President Obama is not only having Nobel laureate physicist Steven Chu manage the replacement of bulbs in the White House to more energy efficient models, but has also announced he's shaping a national new efficiency standards for fluorescent and incandescent lighting that will affect both homes and businesses...
As reported by NPR's blog The Two-Way this morning, Obama remarked:
The first step we're taking sets new efficiency standards on fluorescent and incandescent lighting. Now I know light bulbs may not seem sexy, but this simple action holds enormous promise because 7 percent of all the energy consumed in America is used to light our homes and our businesses.

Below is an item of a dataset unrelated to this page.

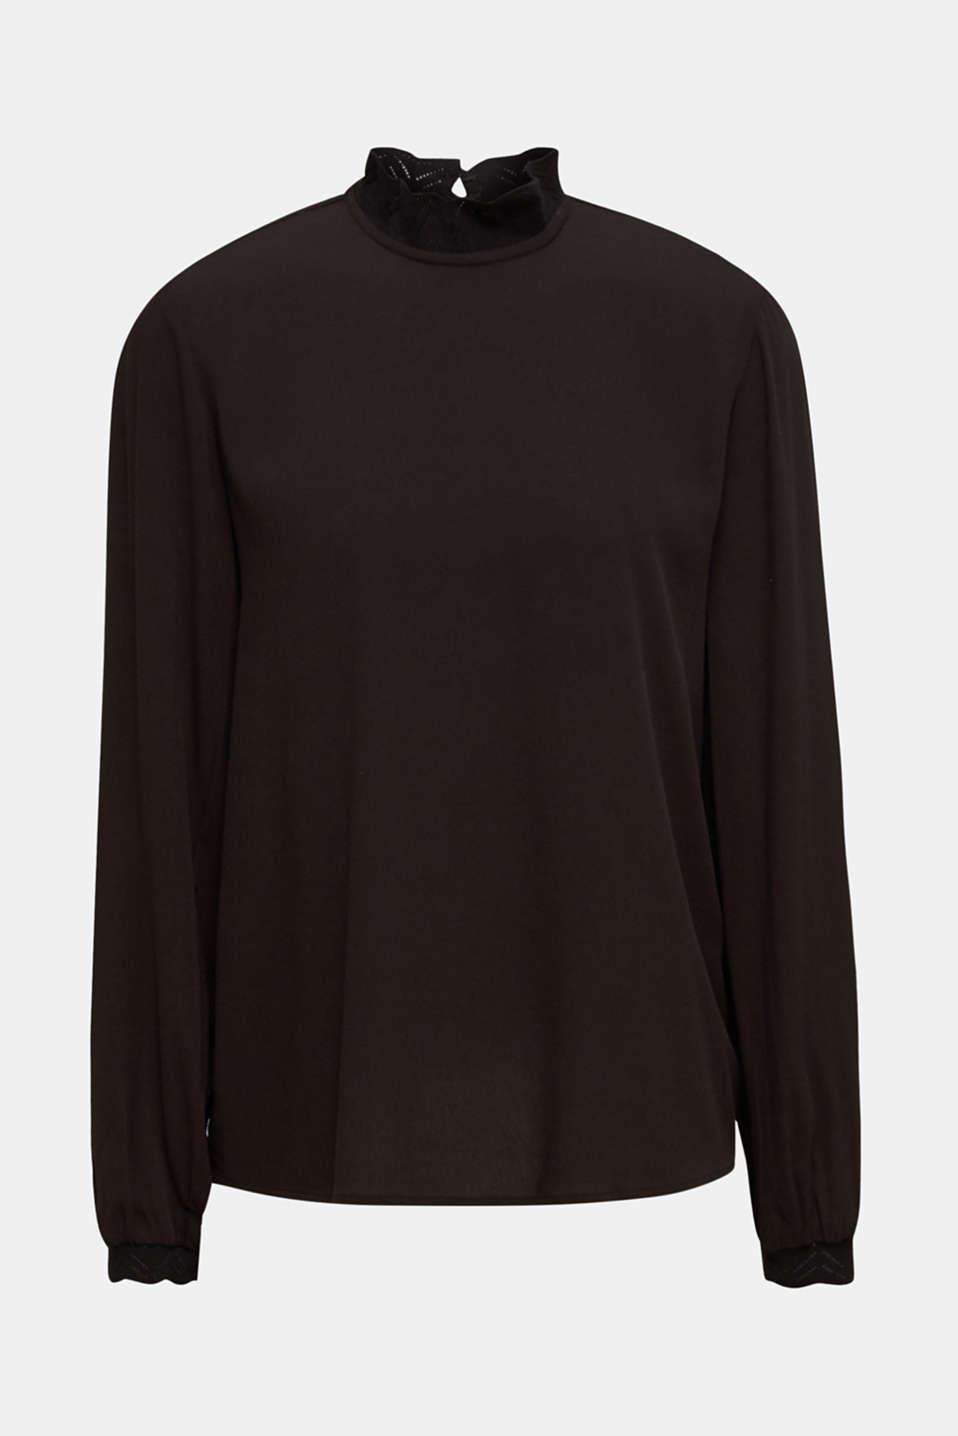 Crêpe blouse with openwork details, BLACK, detail image number 4

Between 2012 and 2042, these new standards will save consumers up to $4 billion a year, conserve enough electricity to power every home in America for 10 months, reduce emissions equal to the amount produced by 166 million cars each year, and eliminate the need for as many as 14 coal-fired power plants.
Like the water rationing happening here in Southern California, we see mandatory energy efficiency a very likelyhood on a national scale coinciding with the public's desire to wean the US's dependence upon foreign oil (whether actual or perceived, since neighbors Canada and Mexico provide a large amount of our imported crude). The question is whether the public will willingly accept a required change to energy-efficient light bulbs, since there's still open debate about the perceived light quality of CFL bulbs and the affordability of LED lighting. For now, in our own household, our interior lighting is a hybrid of CFL with standard incandescent bulbs, which provide the warmth of light we're used to, so an all-or-nothing solutions isn't yet needed. We always tell friends, "just begin with replacing with one bulb and take it from there". No Nobel laureate needed.